In 1909, Alice Huyler Ramsey, 22, set out from New York in a Maxwell DA on a journey to become the first woman to drive across the United States. (Ramsey and three female companions arrived in San Francisco on Aug. 7.)
In 1911, Carrie (sometimes spelled “Carry”) A. Nation, the hatchet-wielding temperance crusader, died in Leavenworth, Kan., at age 64.
In 1940, during World War II, Norway decided to surrender to the Nazis, effective at midnight.
In 1954, during the Senate-Army Hearings, Army special counsel Joseph Welch berated Sen. Joseph McCarthy for verbally attacking a member of Welch’s law firm, Fred Fisher, asking McCarthy: “Have you no sense of decency, sir?
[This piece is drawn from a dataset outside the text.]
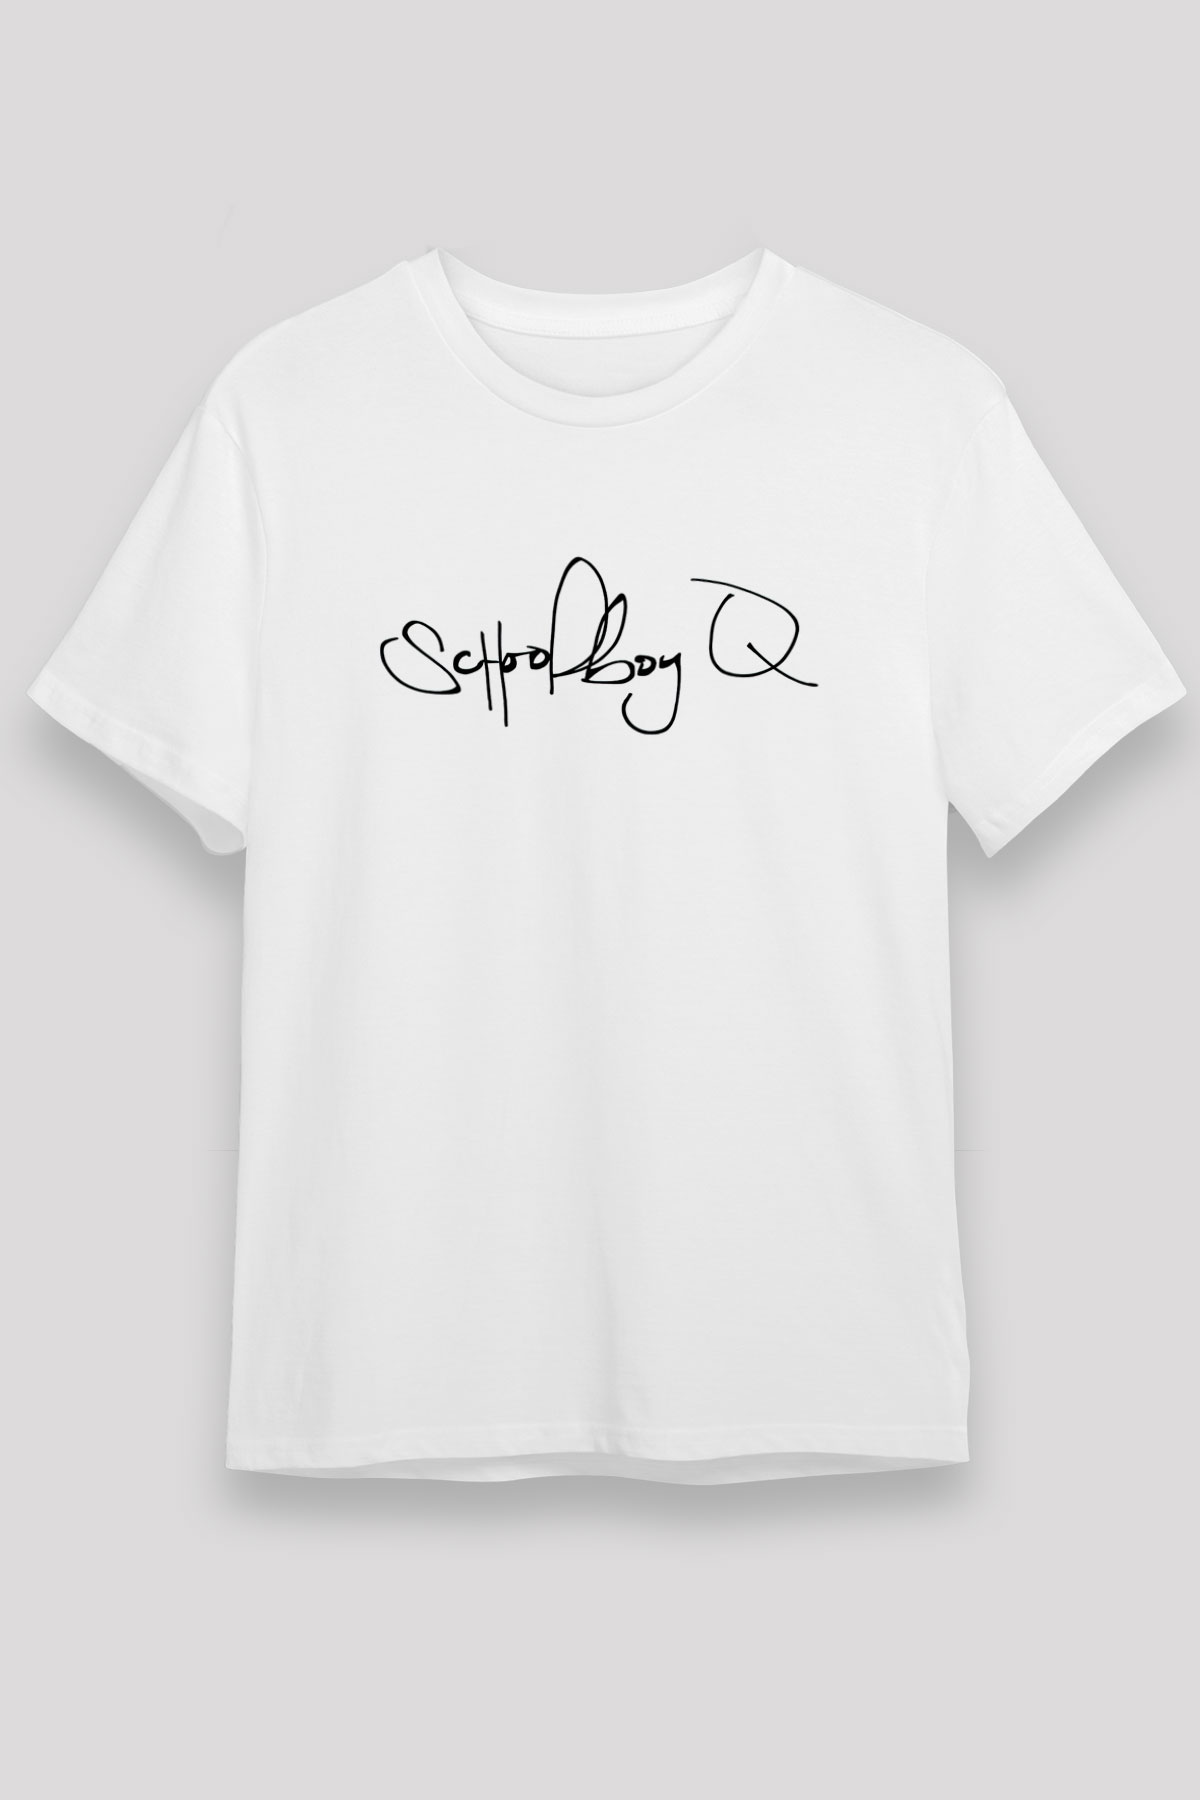 Schoolboy Q T shirt,Hip Hop,Rap Tshirt 12/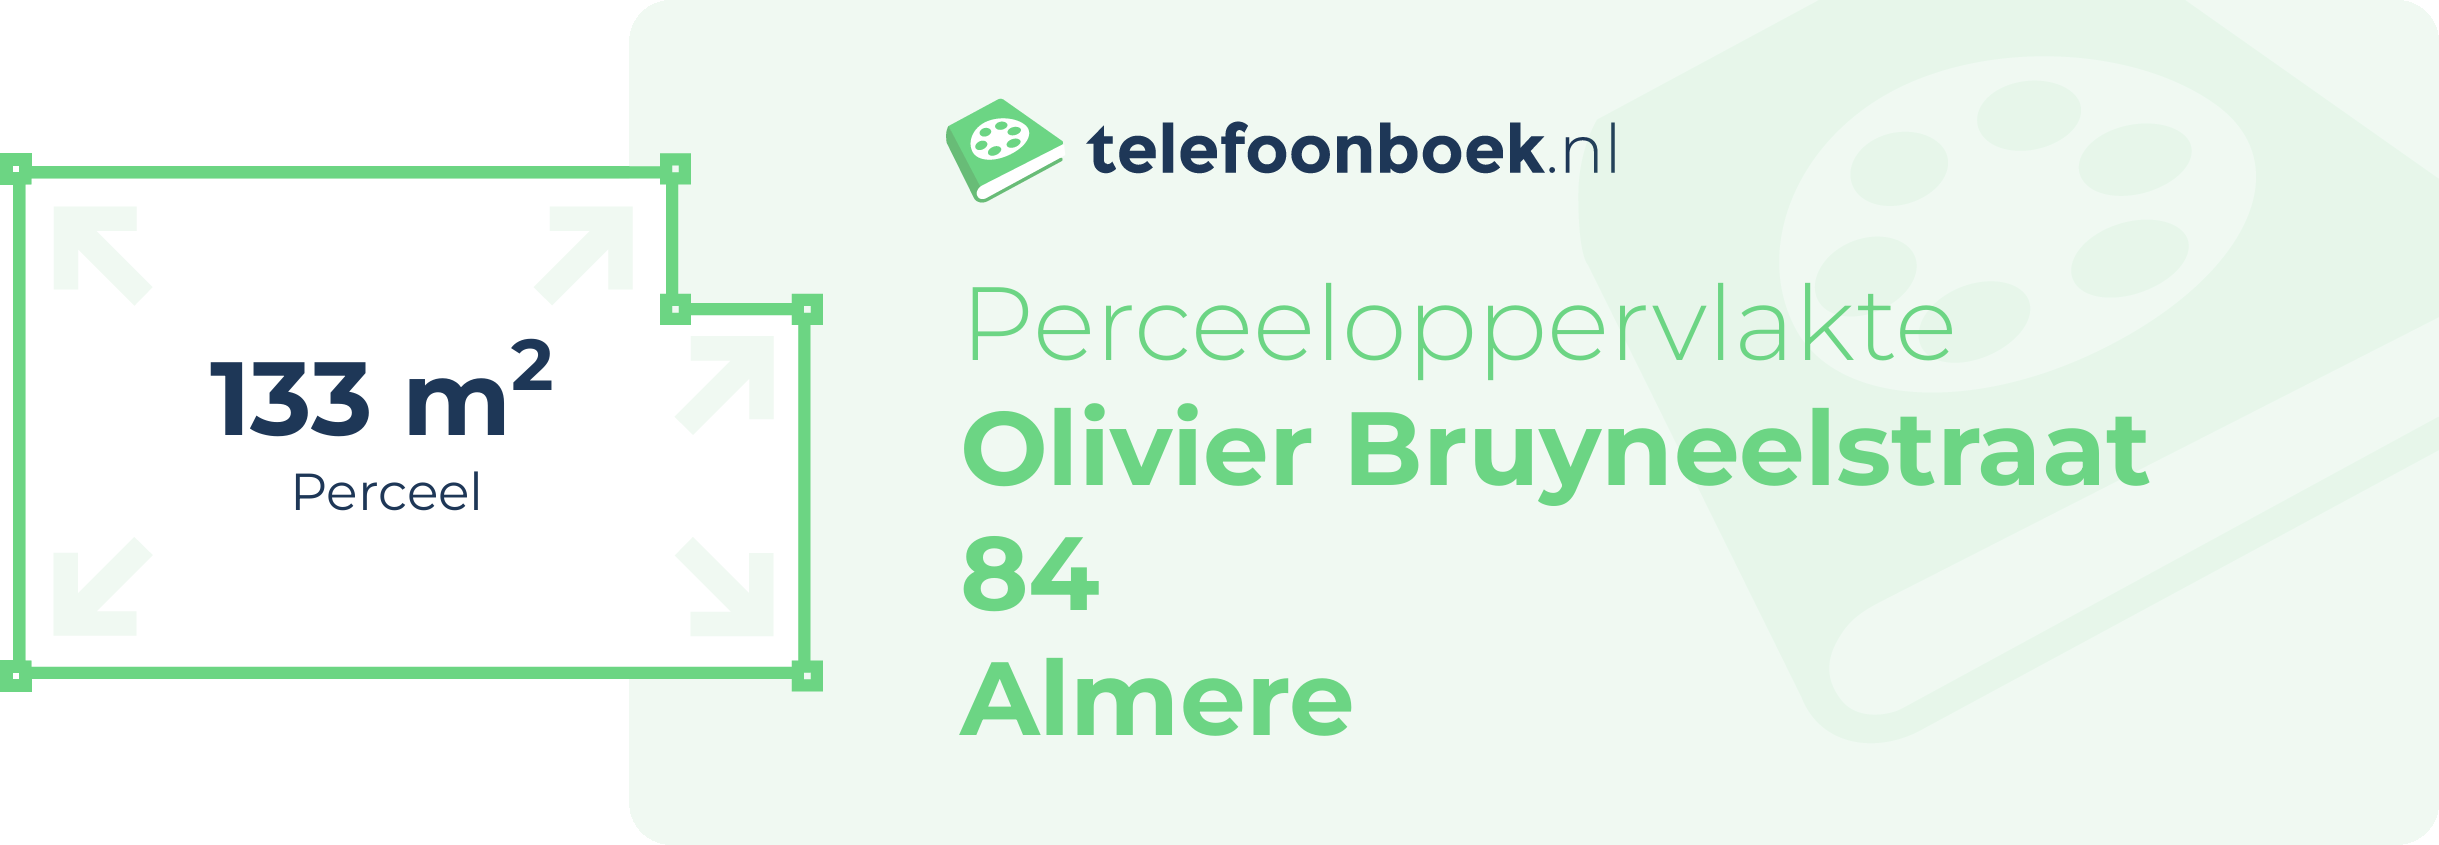 Perceeloppervlakte Olivier Bruyneelstraat 84 Almere

At long last, have you left no sense of decency?”
In 1969, the Senate confirmed Warren Burger to be the new chief justice of the United States, succeeding Earl Warren.
In 1973, Secretariat became horse racing’s first Triple Crown winner in 25 years by winning the Belmont Stakes.
In 1978, leaders of the Church of Jesus Christ of Latter-Day Saints struck down a 148-year-old policy of excluding black men from the Mormon priesthood.